The updated version of the milleniumreport lists:

> _Update: But what about the bigger pool of data, the aggregated voice
> queries from each system’s user base? According to this Bloomberg story,
> Amazon, Apple, Google, and Microsoft are using all that variety to hone
> these systems’ understanding of spoken language even further. Several times
> a day, Amazon uses the entire stack of Alexa queries to educate its A.I.
> about dialects and casual speech. Microsoft has mysterious fake
> apartments(!) set up to record and understand natural speech patterns.
> Google slices and dices the audio it’s already captured, then remixes it to
> help train its system. All these methods are meant to make your voice
> assistant smarter in the coming years._

Nothing in that paragraph would suggest to a normal user that actual human
beings listen to their recordings. In fact, it would suggest the opposite:
that in order to get around human review, Microsoft would go to the trouble of
setting up fake apartment buildings to do tests in. Amazon educates its AI
about queries using the entire stack of queries? Well certainly, that's not
happening with a human being, it would be too labor intensive.

This is in an article designed for non-technical users, that has to explain
much more legitimately obvious things like wake words:

> _Listening to what you say before a wake word is essential to the entire
> concept of wake words. The process borrows a page from the pre-buffer on
> many cameras’ burst modes, which capture a few frames before you press the
> shutter button. This just does it with your voice._

Yet when it gets to the "low-paid contractors will occasionally listen to you
having sex" part, suddenly everything is very vague.

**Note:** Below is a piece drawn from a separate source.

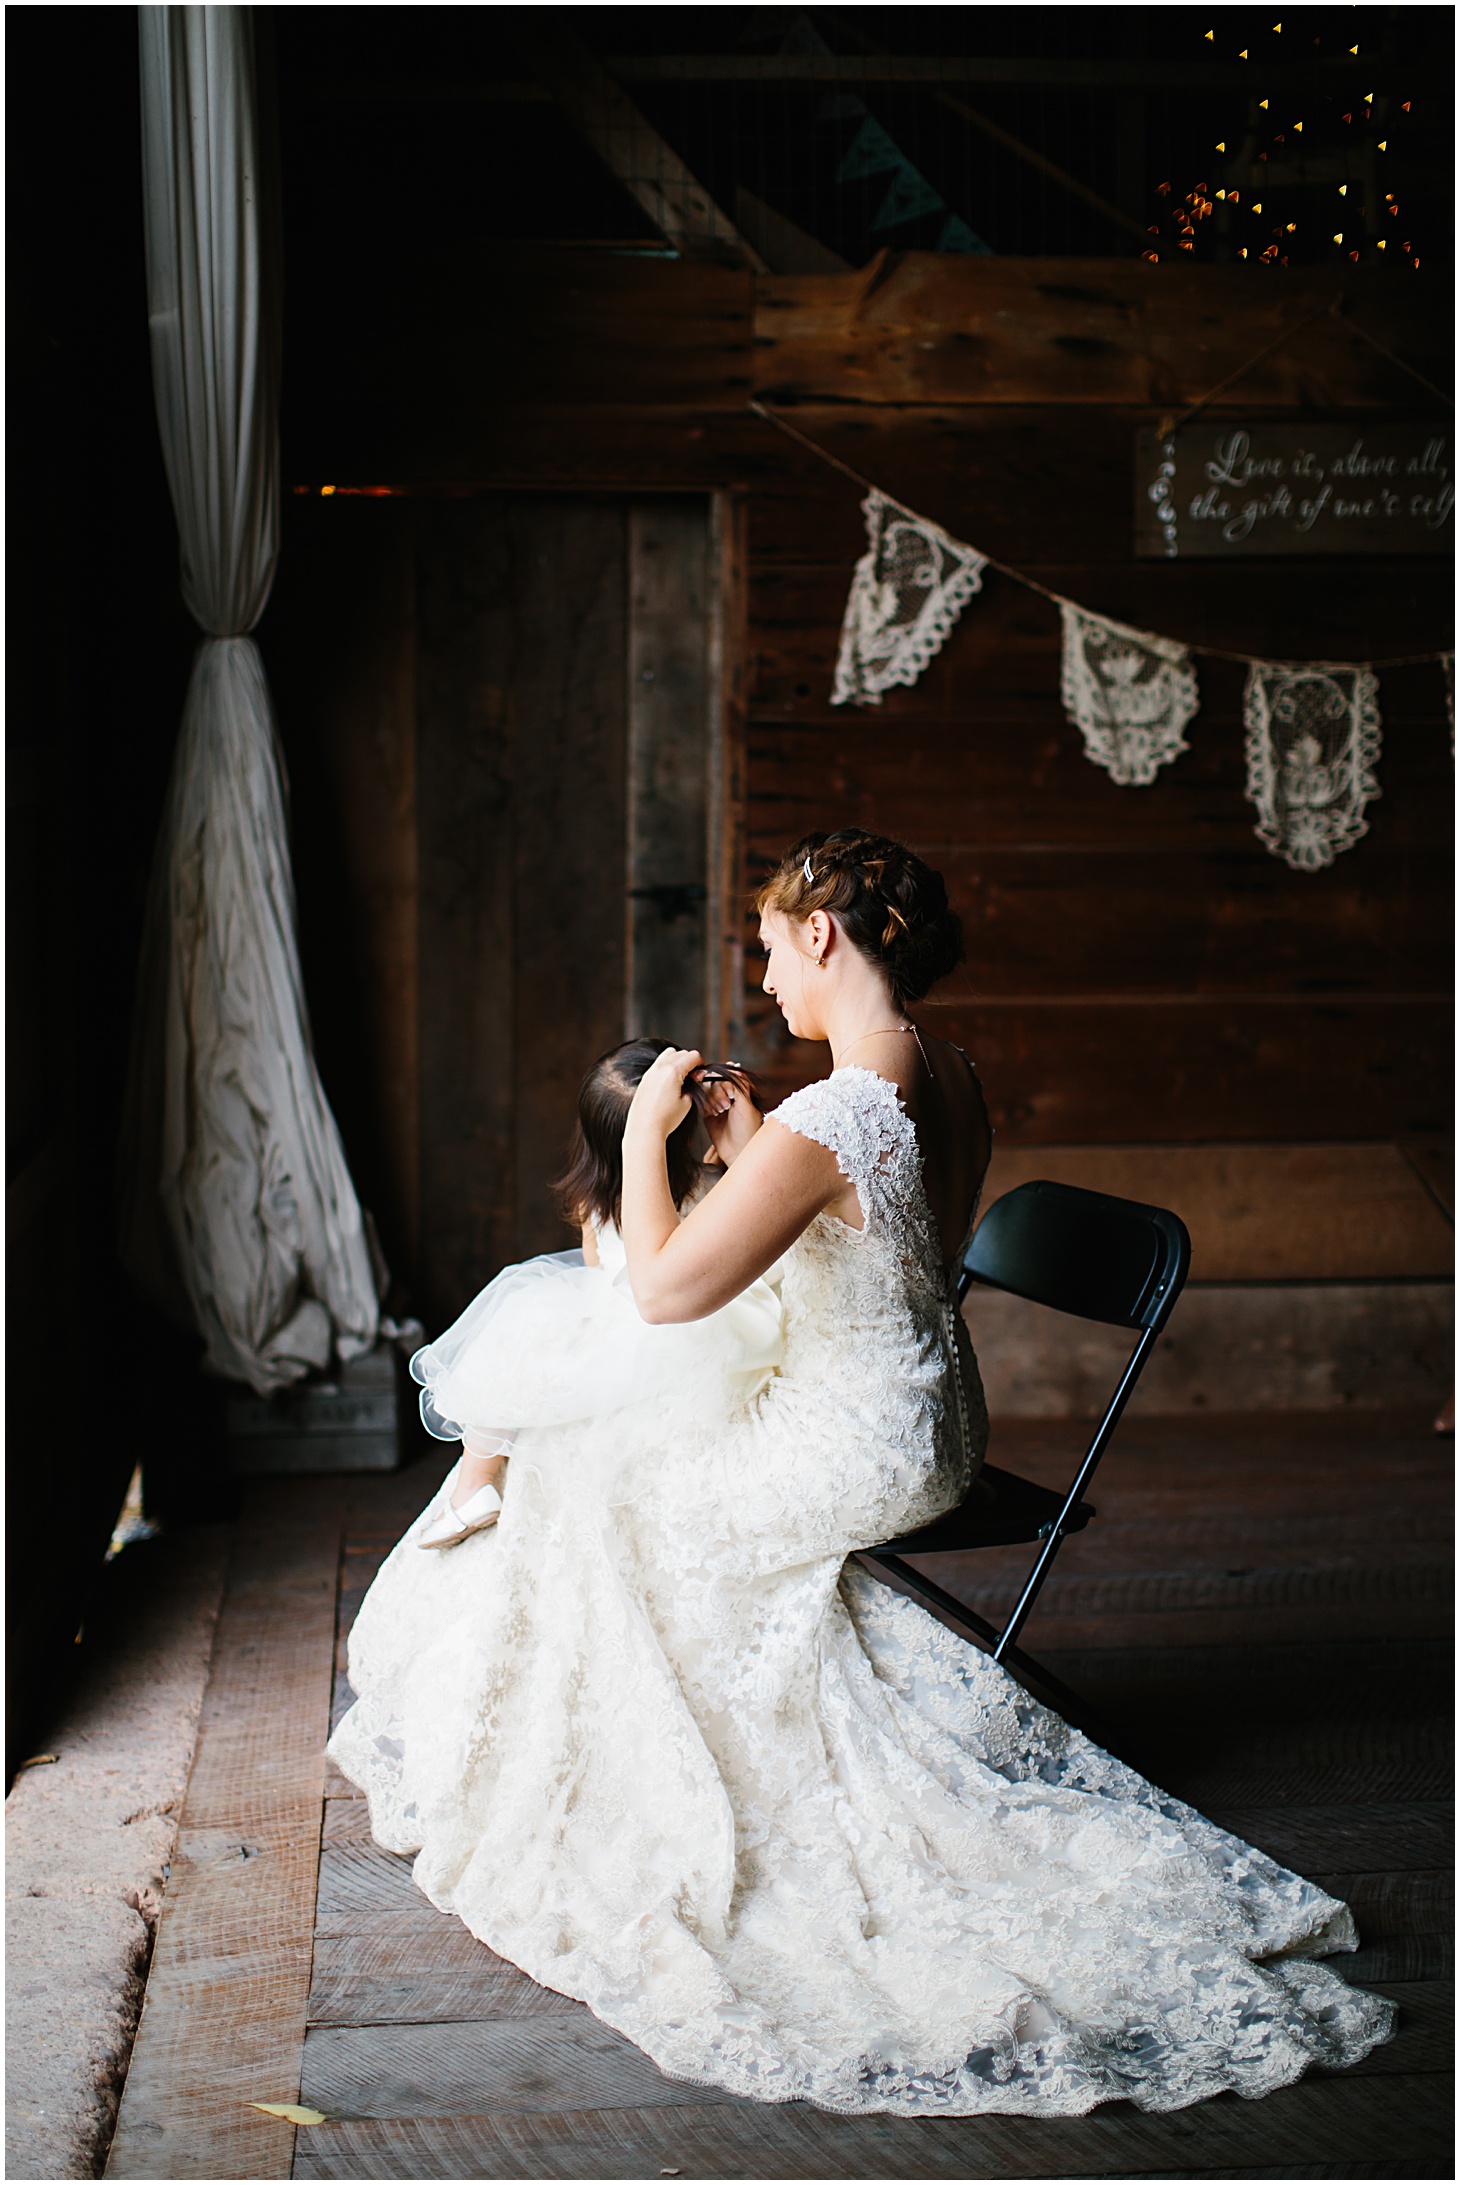 Rustic Floral Wedding at Rocklands Farm & Winery by Sarah Bradshaw Photography_0013

Ordinary people did not understand this, and based on Gruber's article, a good
number of technical people did not understand either. And in light of the
quote at the end of this article, why should Gruber need to read Wired to
figure out what's happening on his devices? That's not a good user experience.

Yes, maybe you can argue that he should have understood what "for testing and
product improvement purposes" entailed. But he didn't. A lot of people don't
know how AI works, and they don't know how ML testing works, and they
shouldn't have to.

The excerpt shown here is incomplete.